Cultural transmission biases such as prestige are thought to have been a primary driver in shaping the dynamics of human cultural evolution. However, few empirical studies have measured the importance of prestige relative to other effects, such as content biases present within the information being transmitted. Here, we report the findings of an experimental transmission study designed to compare the simultaneous effects of a model using a high- or low-prestige regional accent with the presence of narrative content containing social, survival, emotional, moral, rational, or counterintuitive information in the form of a creation story. Results from multimodel inference reveal that prestige is a significant factor in determining the salience and recall of information, but that several content biases, specifically social, survival, negative emotional, and biological counterintuitive information, are significantly more influential. Further, we find evidence that reliance on prestige cues may serve as a conditional learning strategy when no content cues are available.
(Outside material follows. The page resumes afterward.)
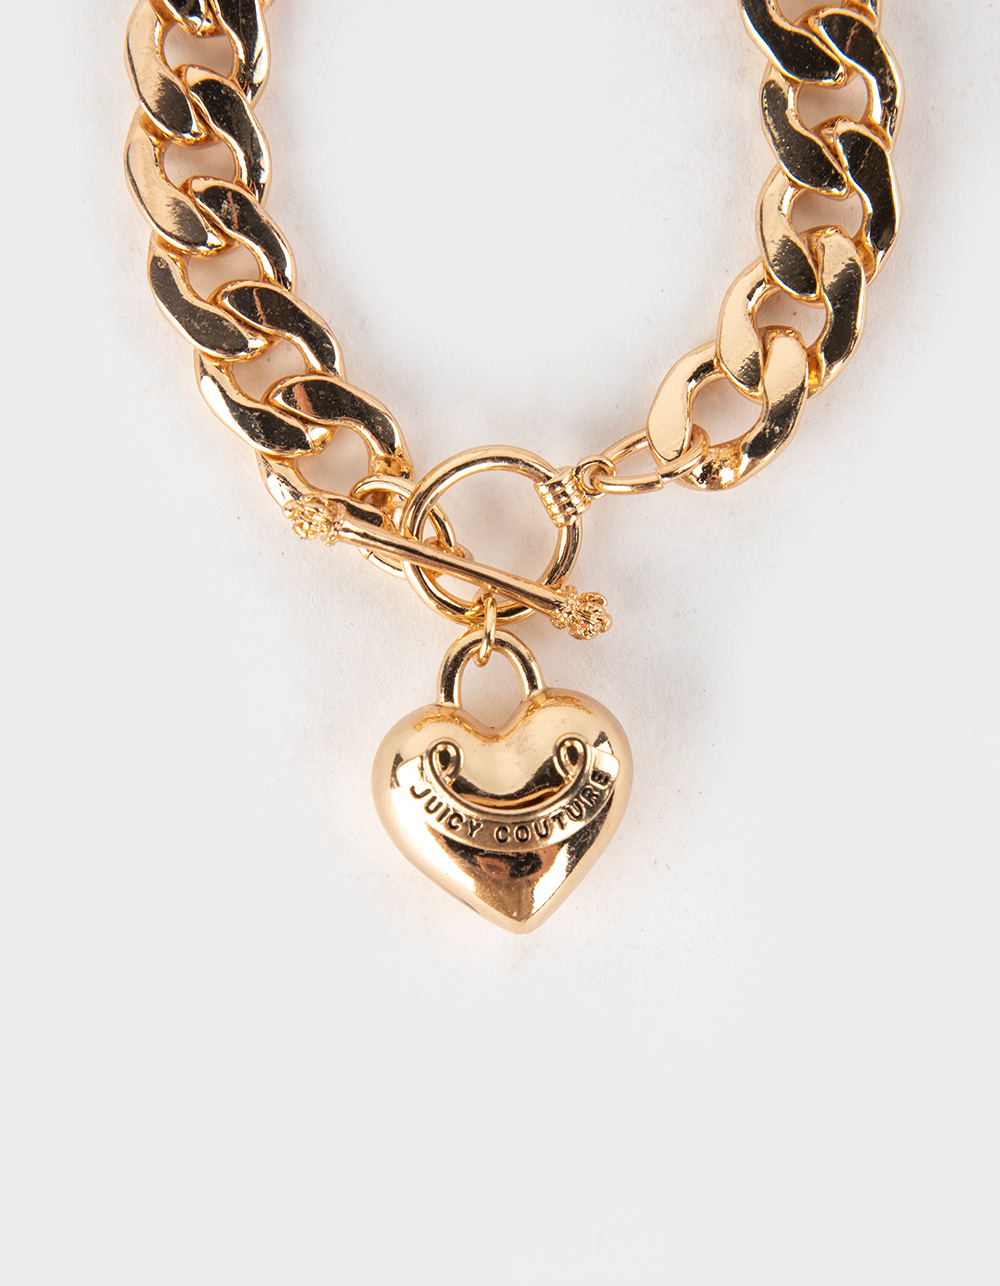 Juicy Couture Jewelry

Our results demonstrate that content biases serve a vital and underappreciated role in cultural transmission and cultural evolution.

Item Type: Article
Date Type: Published Online
Status: Published
Schools: English, Communication and Philosophy
Subjects: H Social Sciences > H Social Sciences (General)
P Language and Literature > P Philology. Linguistics
Additional Information: This is an Open Access article, distributed under the terms of the Creative Commons Attribution licence (http://creativecommons.org/licenses/by/4.0/), which permits unrestricted re-use, distribution and reproduction, provided the original article is properly cited.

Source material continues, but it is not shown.